Photo Credit: Iconica/Getty
If you’ve recently been diagnosed with Crohn’s disease, you are, in a way, lucky. You have the condition at a time when there are better ways to treat it than ever before and a wealth of promising research is in the works. “In the next decade we’ll have a larger palette of choices to offer patients and their doctors that includes not only more complex drugs, but also ways that people might be able to monitor their condition and make changes to keep it under control,” says Jonathan Braun, M.D., Ph.D., professor and chair of pathology and laboratory medicine at the David Geffen School of Medicine at the University of California, Los Angeles, and a member of the National Scientific Advisory Committee of the Crohn’s and Colitis Foundation of America (CCFA).
Here are the breakthroughs that have gotten us where we are today in treating Crohn’s disease, plus a sneak peek at future ones.
Customized treatment. Picture this: You walk into your doctor’s office, give a sample of blood and/or saliva and walk out with a prescription for a specific food to eat and medications that have been individualized to meet the needs of your genetic makeup. Within a few weeks, your Crohn’s symptoms improve dramatically—and possibly disappear.
“Studies are increasingly validating the hypothesis that the reason people respond to certain drugs and not others is determined by their individual genetic makeup,” says Dr. Braun. “Currently there are more than 30 known genes associated with Crohn’s disease, and more are being identified each year.” In the future, doctors hope to be able to determine which genes a particular Crohn’s patient has and then match that genetic profile with drugs that have been proven to work best for that person.

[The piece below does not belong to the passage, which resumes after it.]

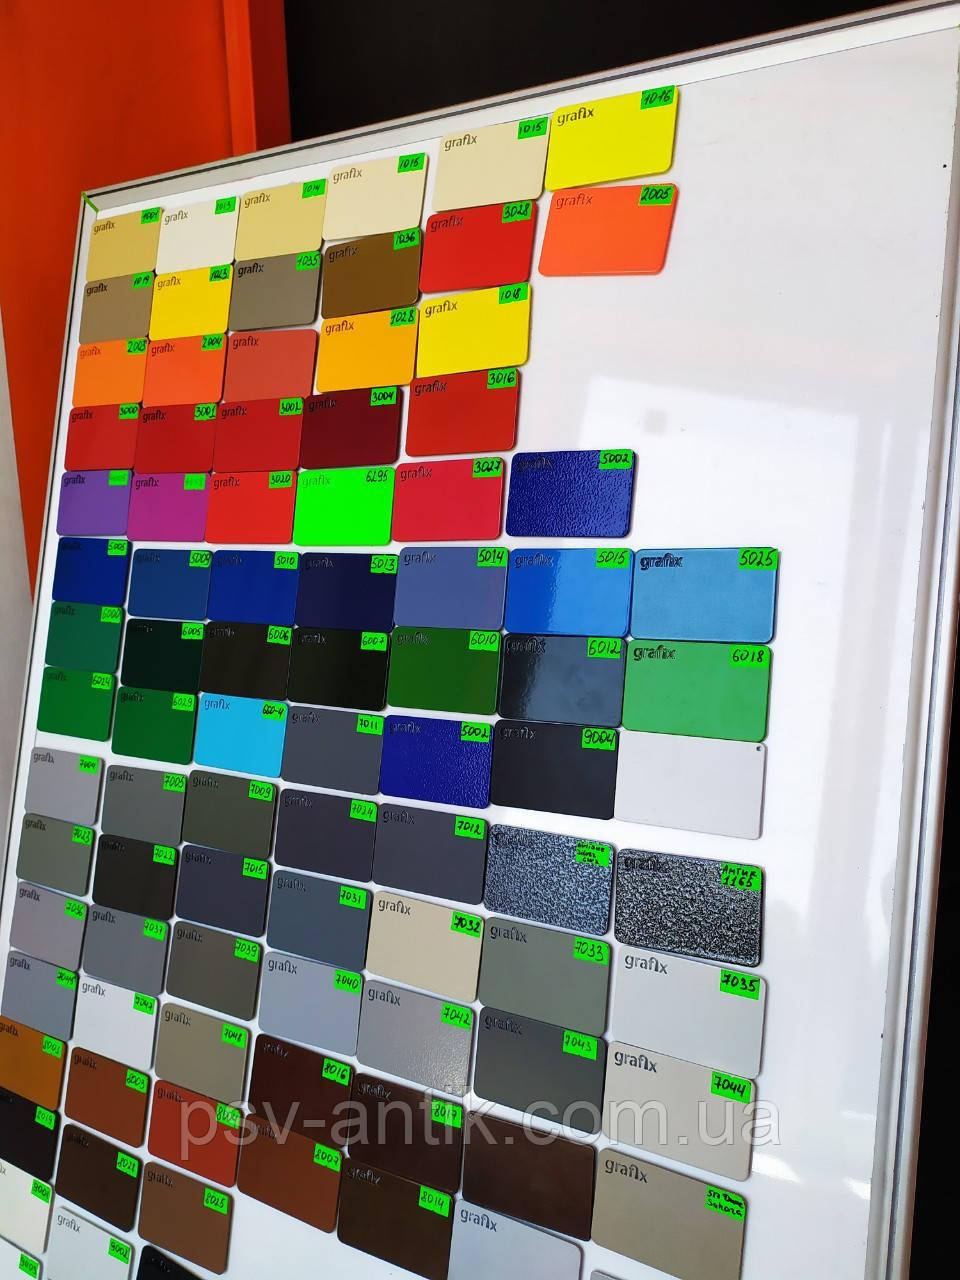 Порошковая краска глянцевая, полиэфирная, индустриальная, 7031

There’s a second reason—or actually trillions of them—that you may or may not respond to a certain treatment for Crohn’s disease: the bacteria in your digestive tract. “Each of us has 500 to 1,000 different species of bacteria living in our intestines,” says Dr. Braun. Some are good for the digestive tract (helping to process food), others are neutral and some are bad. The latter are believed to possibly help turn a genetic susceptibility to Crohn’s disease into actual symptoms by activating the immune system. More than a dozen research institutions in the United States are currently studying intestinal bacteria, and are working toward creating a “bacterial dashboard” that will be used to identify and monitor a person’s bad and good intestinal bacteria. Simple prototypes of this diagnostic tool are now being developed and evaluated in animal studies. Once validated and refined for the complexity of human bacteria, a bacterial dashboard potentially could be used for clinical management of Crohn’s disease. “We could even imagine that a patient may be able to monitor her intestinal bacteria at home, and depending on specific changes, adjust her diet or get a prescription for a probiotic or an antibiotic to bring her intestinal bacterial makeup to a healthy balance.” says Dr. Braun.
Biologic wonders. One big breakthrough in Crohn’s research occurred in 1998, when the first biological therapy, infliximab (Remicade), was introduced. Infliximab is an antibody that blocks tumor necrosis factor (TNF), a molecule that cells use to talk to each other; in the case of Crohn’s, TNF is thought to tell other cells to increase inflammation in the digestive tract. “Neutralizing TNF calms the cells and restores peace in the intestines,” says Dr. Braun. Three other biologic drugs have since been approved by the FDA for treating Crohn’s disease—adalimumab (Humira), natalizumab (Tysabri) and the newest one, certolizumab pegol (Cimzia)—and there are at least 20 others in the research pipeline.
Drug combos: Strength in numbers. Can combining biologic medications with other drugs used for Crohn’s disease work better in controlling the disease than using either type of medication alone? Scientists have been researching that question for years and are starting to get some answers. Recent studies from Europe, Canada and the United States tested the combination of methotrexate with TNF blockers. (Methotrexate, originally developed as an anti-cancer drug, is FDA-approved for Crohn’s disease.) These studies found that the combination of methotrexate with TNF blockers can be more effective than either drug alone. The issue ahead is to determine ways to best define the benefit-versus-risk balance (such as a potentially greater risk of infection or cancer for an individual patient).
Pop (parasite) pills. A colorful approach to treating Crohn’s disease is based on the fact that until improved hygiene and other health advances came into play, the human body was typically host to intestinal parasites. Rather than causing harm, these microscopic worms had a calming effect on the immune system—the parasites’ way of keeping their home and food supply as healthy and accommodating as possible. Based on this knowledge, researchers at Tufts University in Medford, Mass., introduced parasites into the bodies of Crohn’s patients (the subjects ingested pills containing parasite eggs). In the first such study, 21 of the 29 subjects went into remission. The second study had similar results, and now other work is underway to determine if worm ingestion is safe, and whether parasites can actually work as a therapy in Crohn’s disease to reduce intestinal inflammation.